When my wife was pregnant with our three children, we chose not to know the sex prior to birth because we wanted it to be a surprise. It was one of the greatest joys in my life when I announced to the world that my son and daughters were born. But what should be a simple announcement can be quite a problem when a child is born and we cannot tell if that child is a boy or a girl.
These situations can be very traumatic. Families require a lot of emotional support as the medical professionals work with them to make a decision regarding sex of rearing. Most of the time, this process is straightforward and we know the sex of the child after some preliminary tests. Sometimes, however, it is not as clear, and it can be a very difficult call to make.
For children in this situation, a team of specialists, including urologists, endocrinologists, geneticists, psychologists and social workers, should work with the family to jointly come up with a decision. Even after this initial decision is made, further complex decisions need to be made, often regarding whether any type of surgery is needed and what the long term expectations might be.

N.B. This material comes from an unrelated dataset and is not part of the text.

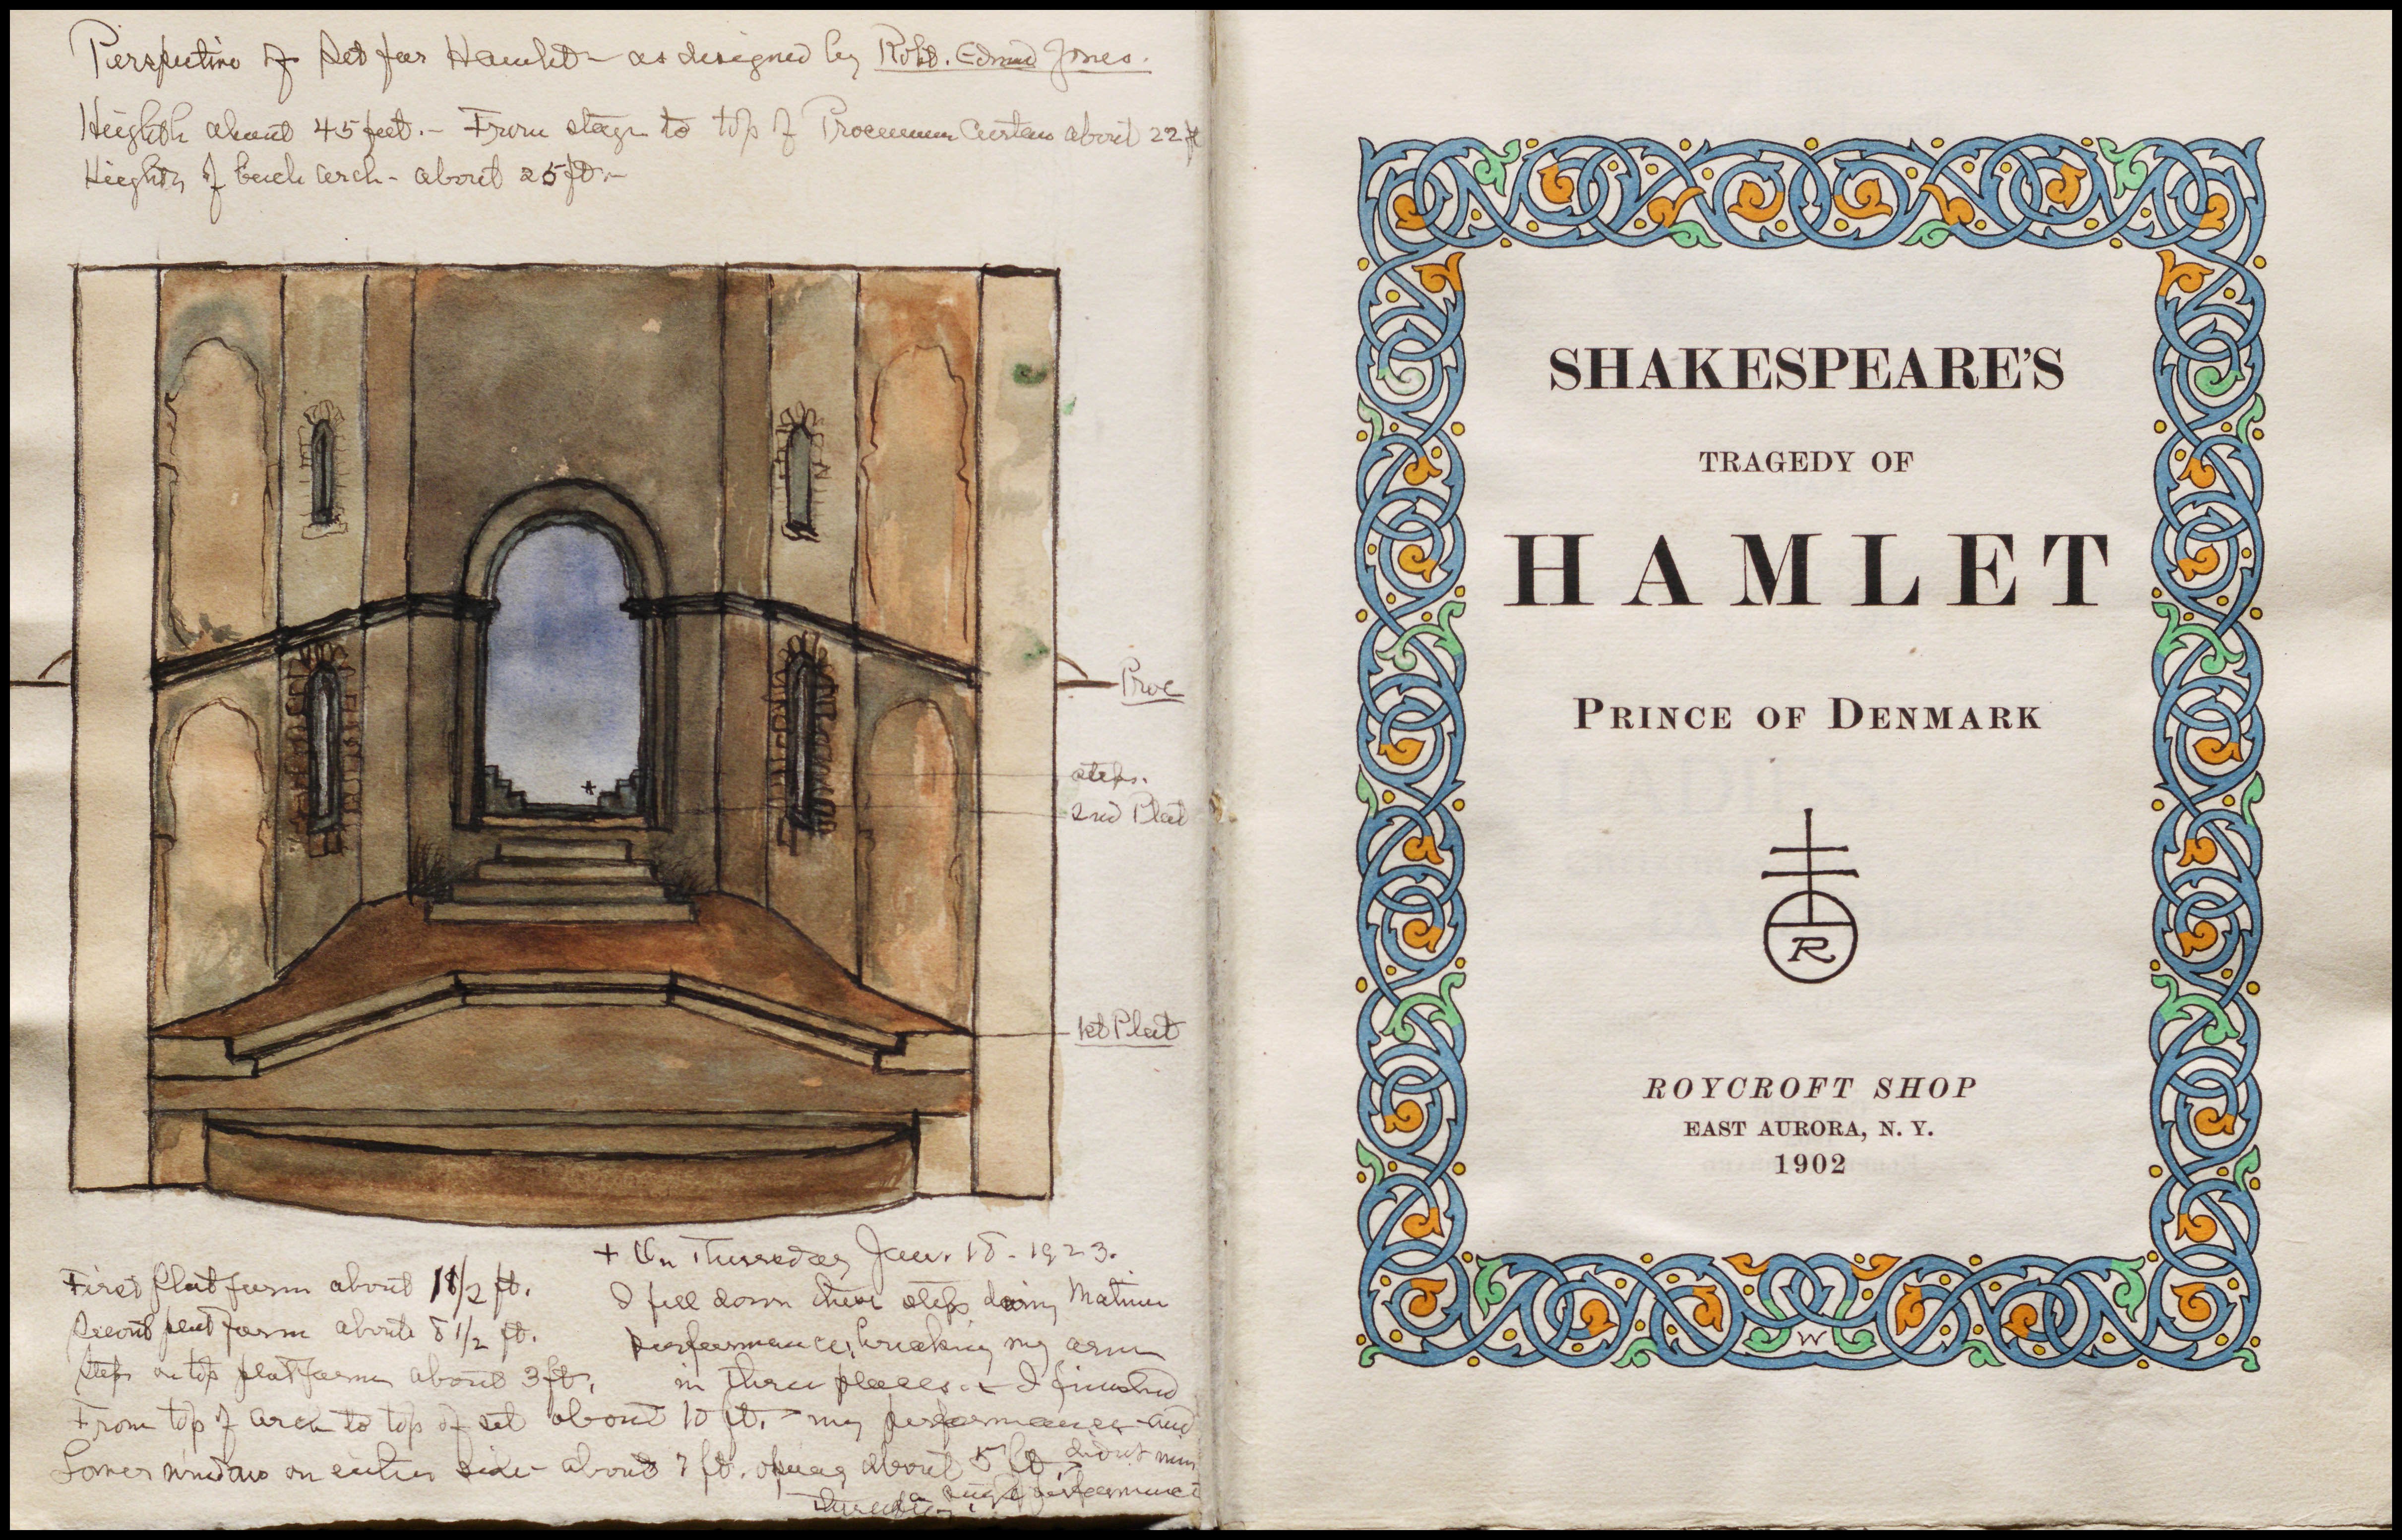 John Barrymore's prompt book from Hamlet

Questions most parents of newborns don’t have to think about are brought to the surface. Will my child have a normal sexual life? Will my child be able to have children? How will the look of my child’s genitals affect him or her throughout life?
Raising a Child with Ambiguous Genitalia
Past these initial difficulties, parents often struggle with the idea of disclosure — not only to family members and potential child care providers, but to the child. When do you tell a child that he or she was born with a-typical genitals? How do you tell a boy that he was born with a uterus? How do you tell a girl that her clitoris looked like a penis when she was born? How do you tell a teenage girl that she has not started her menstrual cycles because she has no vagina or that she has testicles instead of ovaries?

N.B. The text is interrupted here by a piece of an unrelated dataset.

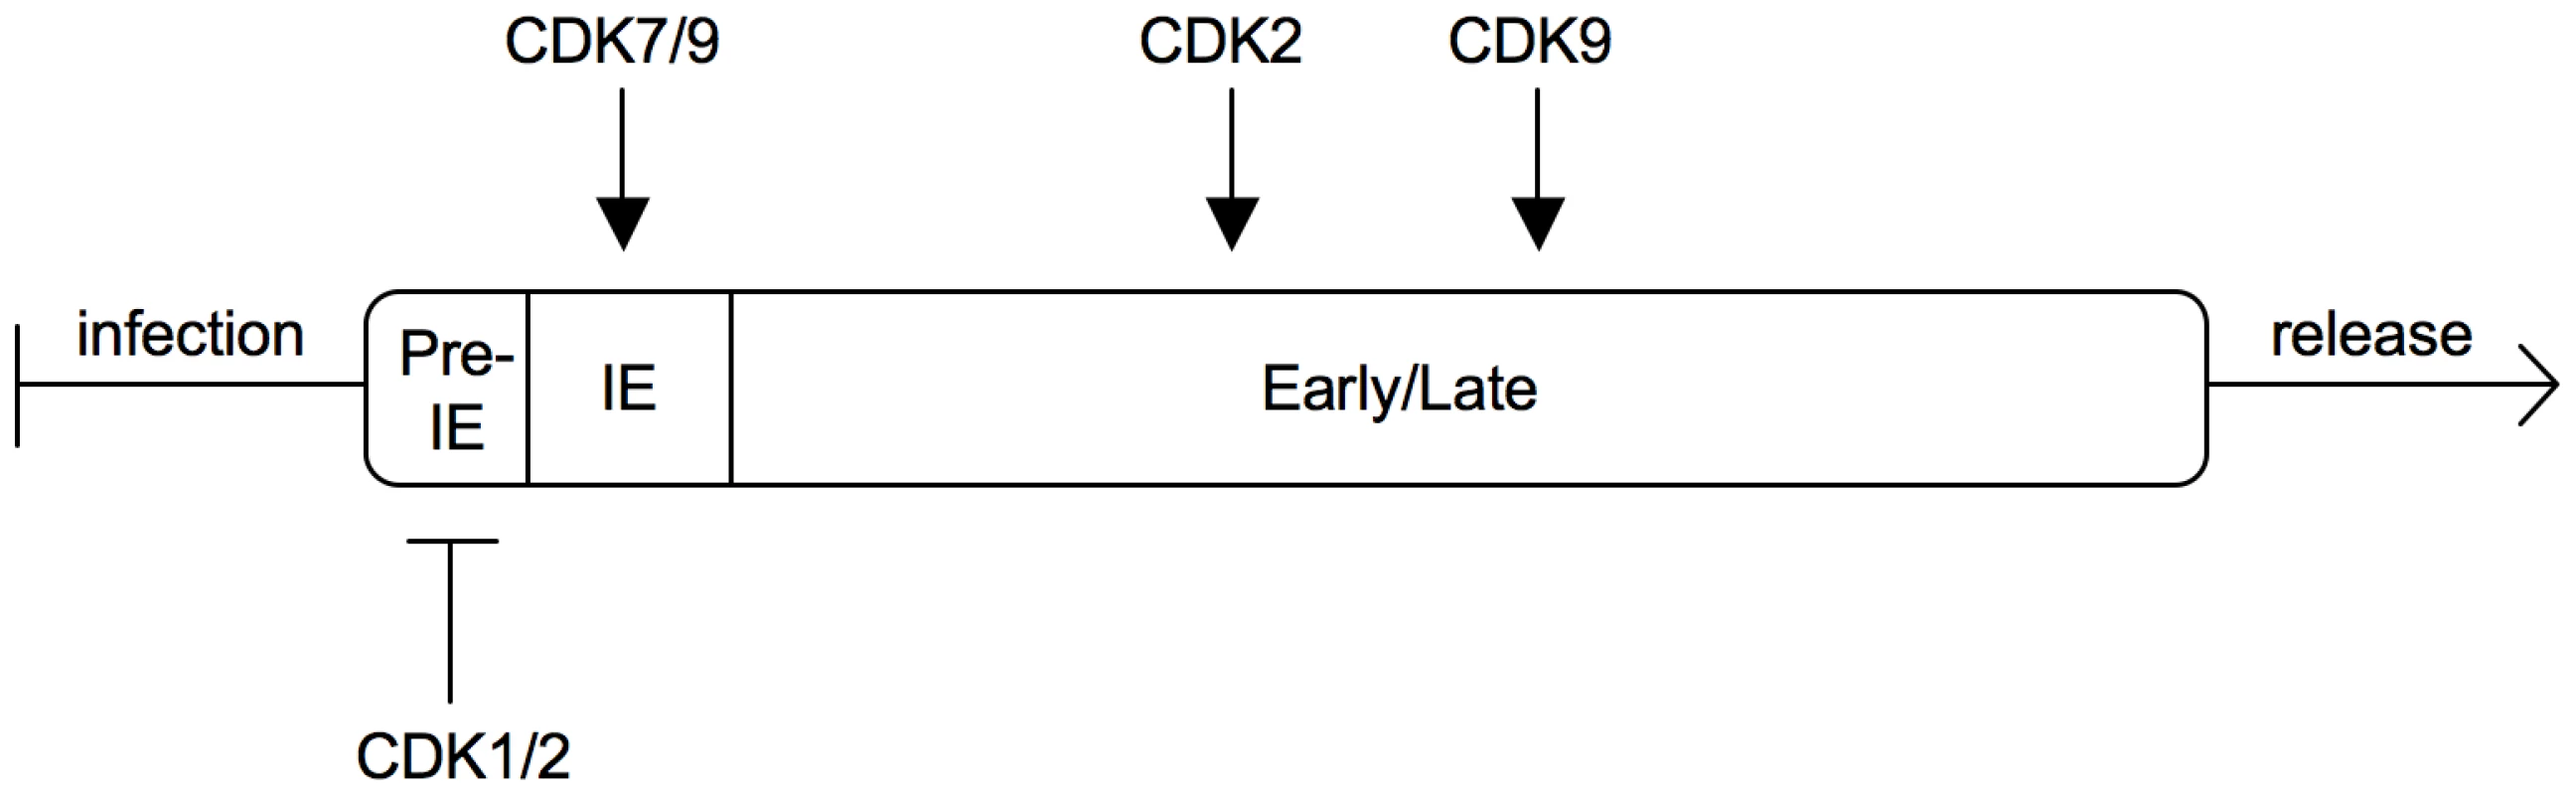 Sequential regulation of the HCMV replication cycle by different CDKs.

It is hard enough for parents to talk about “the birds and the bees” without adding the complication that they did not know if the child was a boy or girl at birth. Understandably, many parents avoid this discussion and put it off as long as possible.
However, children these days know much more about sexuality and at an earlier age than when I was growing up. It is clear that what causes a lot of emotional distress for children and teenagers is when they realize that something is not quite right but that no one is being honest or forthcoming with them.
As parents, our job is to help our children to grow up to be emotionally healthy, independent adults. As medical professionals taking care of children with complex atypical sexual organs, we need to not only treat the child but also work with the parents and family as the child gets older.
The THRIVE program at Nationwide Children’s Hospital emphasizes education and emotional support. Our team of behavioral health specialists can assist families with issues as they arise and work with parents to determine the appropriate language and best time to have those tough discussions with their child. We don’t want to repeat the mistakes of the past, when children and families did not receive proper education and emotional support.
As a surgeon dealing with these complex issues, I strongly believe that one of the most important factors in fostering a child’s emotional well-being is access to high-quality behavioral health specialists like those in our program.
Rama Jayanthi, MD, is chief of the Section of Pediatric Urology at Nationwide Children’s Hospital and a clinical associate professor of surgery in the Department of Urology at The Ohio State University College of Medicine.